Conclusions and future Perspectives

A constellation of findings from mouse studies and supporting patient observations clearly demonstrate that hepatic MMUT expression, even at very low levels and provided in small numbers of cells, can drastically influence the phenotype of MMA in mice and human patients. It should also be emphasized that expression of the Mmut enzyme in extrahepatic tissues can also mitigate the metabolic phenotype of MMA—this is proven most elegantly by the Mmut^−/−;TgINS-MCK-Mmut mice, where expression of the Mmut enzyme in only the skeletal and cardiac muscle can fully rescue the lethal effects that accompany whole body Mmut deficiency.
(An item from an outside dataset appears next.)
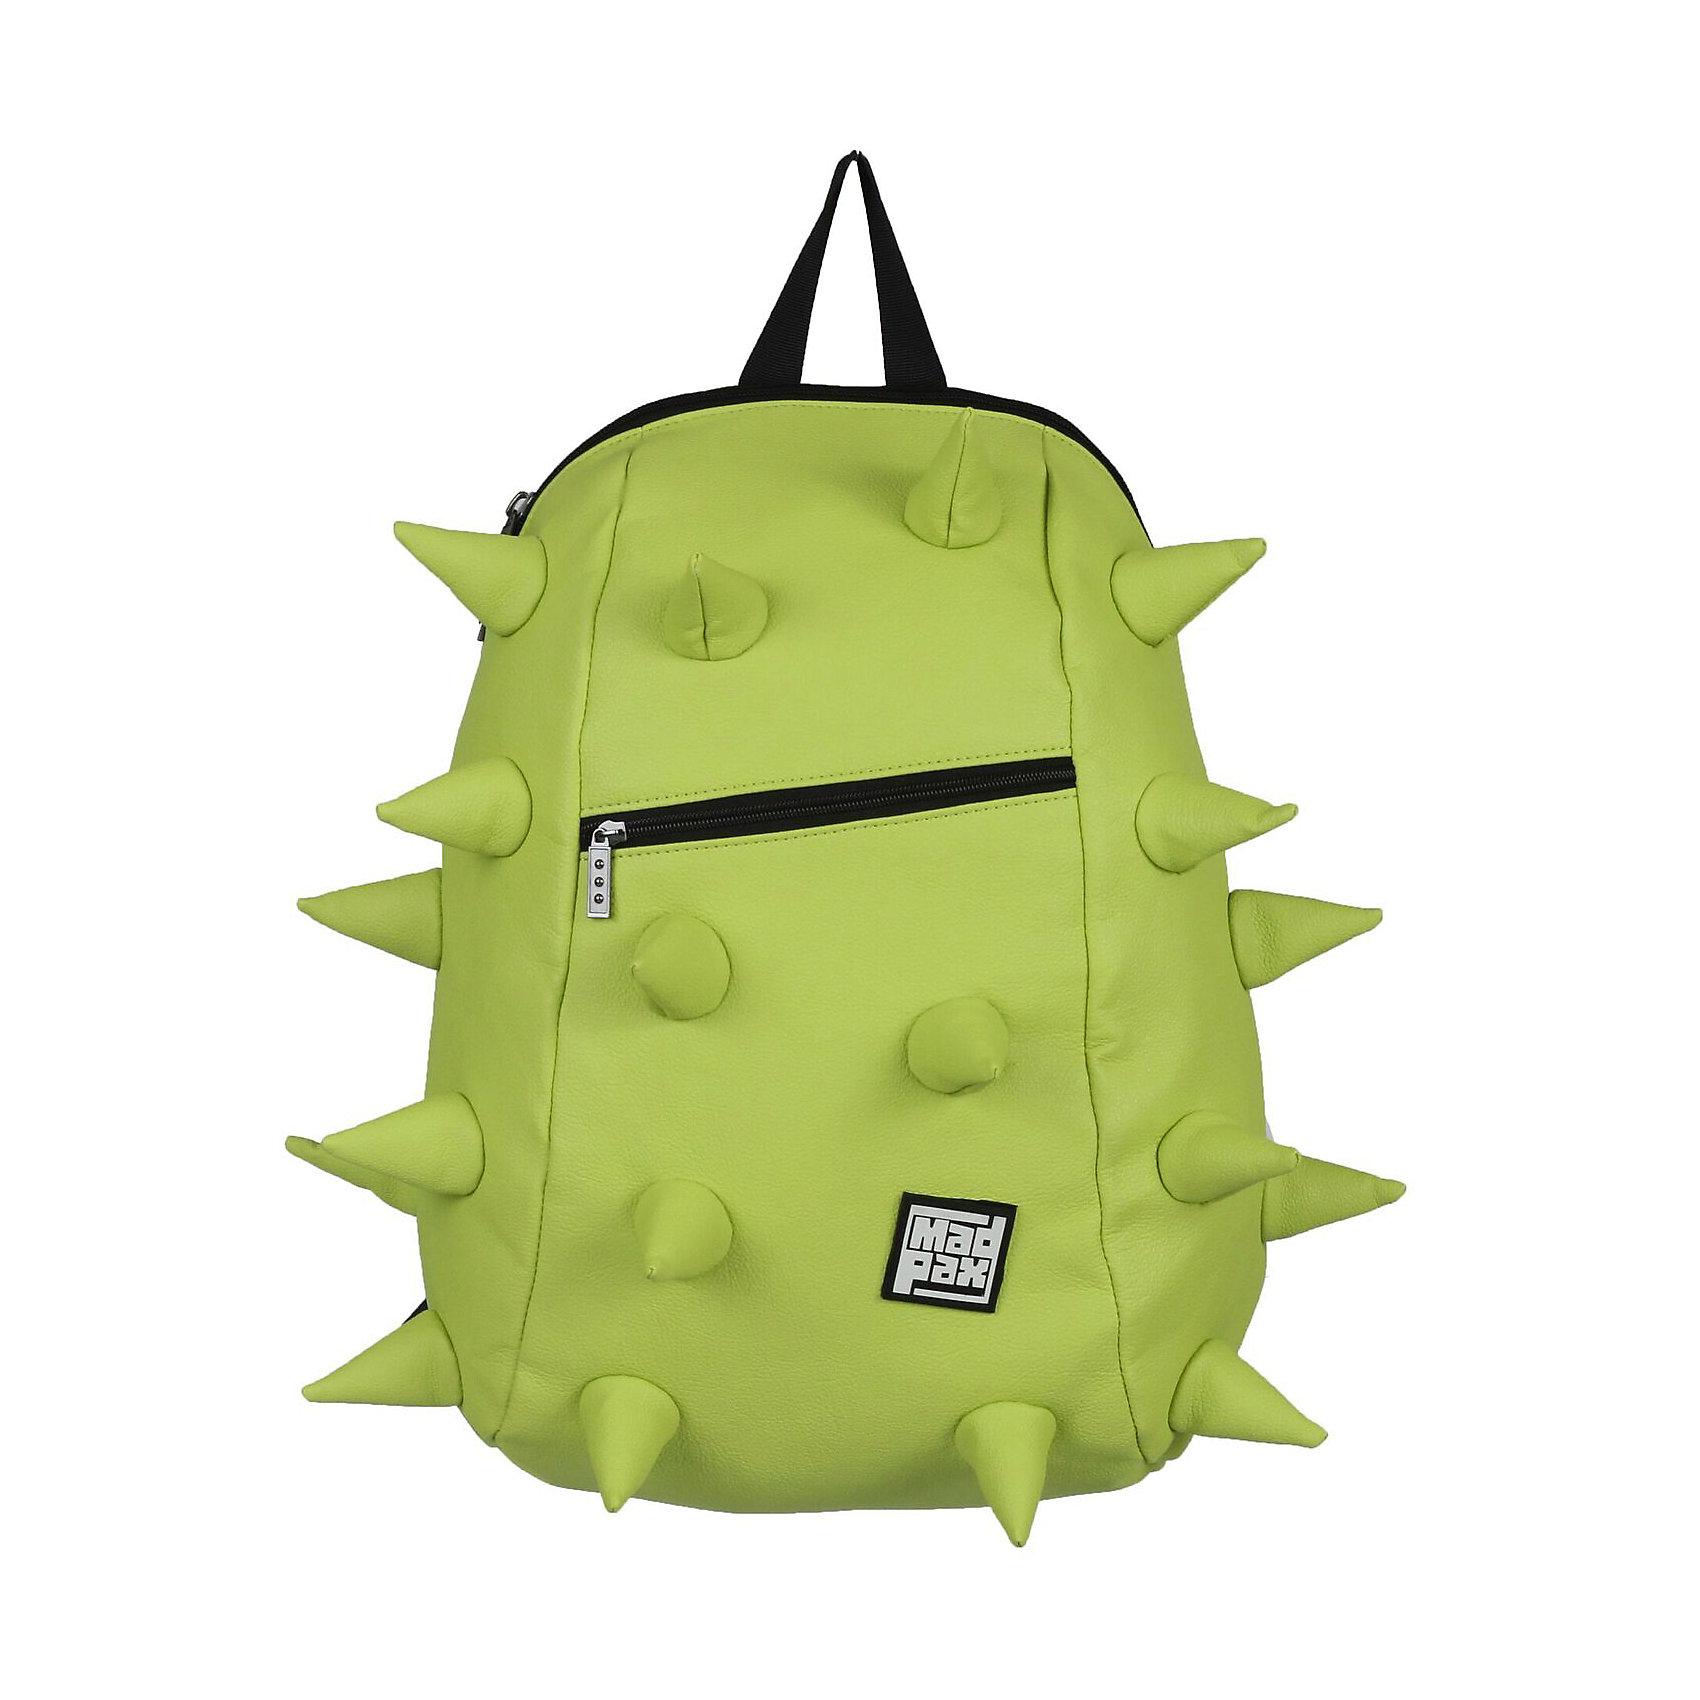 Рюкзак Rex VE  Full Front Zipper Lime, цвет лаймРюкзаки<br>Характеристики товара:<br><br>• цвет: Front Zipper Lime (лайм);<br>• возраст: от 5 лет;<br>• вес: 0,8 кг;<br>• размер: 46х36х20 см;<br>• особенности модели: с пузырями;<br>• одно основное отделение на молнии;<br>• мягкие воздухопроницаемые широкие лямки;<br>• ортопедическая спинка с мягкой обивкой;<br>• фронтальный карман на молнии;<br>• материал: полиуретан;<br>• страна бренда: США;<br>• страна изготовитель: Китай.<br><br>Стильный и практичный рюкзак уместный в ритме большого города. <br><br>Закрывается на молнию. Модель помимо лямки для переноски в руке, имеет мягкие и широкие регулируемые лямки. Стильное дополнение этой новинки является асимметричный карман на молнии спереди, что придает изделию дерзость и эффектность. Полностью вентилируемая и ортопедическая спинка создаёт дополнительный комфорт Вашей спине.<br><br>Рюкзак Madpax «Rex VE  Full» можно купить в нашем интернет-магазине.<br><br>Ширина мм: 460<br>Глубина мм: 360<br>Высота мм: 200<br>Вес г: 800<br>Возраст от месяцев: 60<br>Возраст до месяцев: 720<br>Пол: Унисекс<br>Возраст: Детский<br>SKU: 7054100

The preclinical studies have also identified metabolic, peptide, and isotopic biomarkers that accompany the hepatic response to increased methylmalonyl-CoA mutase activity. These include small molecules and hormones that reliably decrease, such as methylmalonic acid and Fgf21, and whole body 1-¹³C propionate oxidation, which increases when hepatic mMUT activity is restored. Thus, it appears that a suite of new gene-based therapies and accompanying biomarkers are emerging for the treatment of MMA that will provide, for the first time, definitive therapies for this grave inborn error of metabolism.

Acknowledgments

R.J.C. and C.P.V. were supported by the Intramural Research Program of the National Human Genome Research Institute.

Author Disclosure

The NIH has filed patents on behalf R.J.C. and C.P.V.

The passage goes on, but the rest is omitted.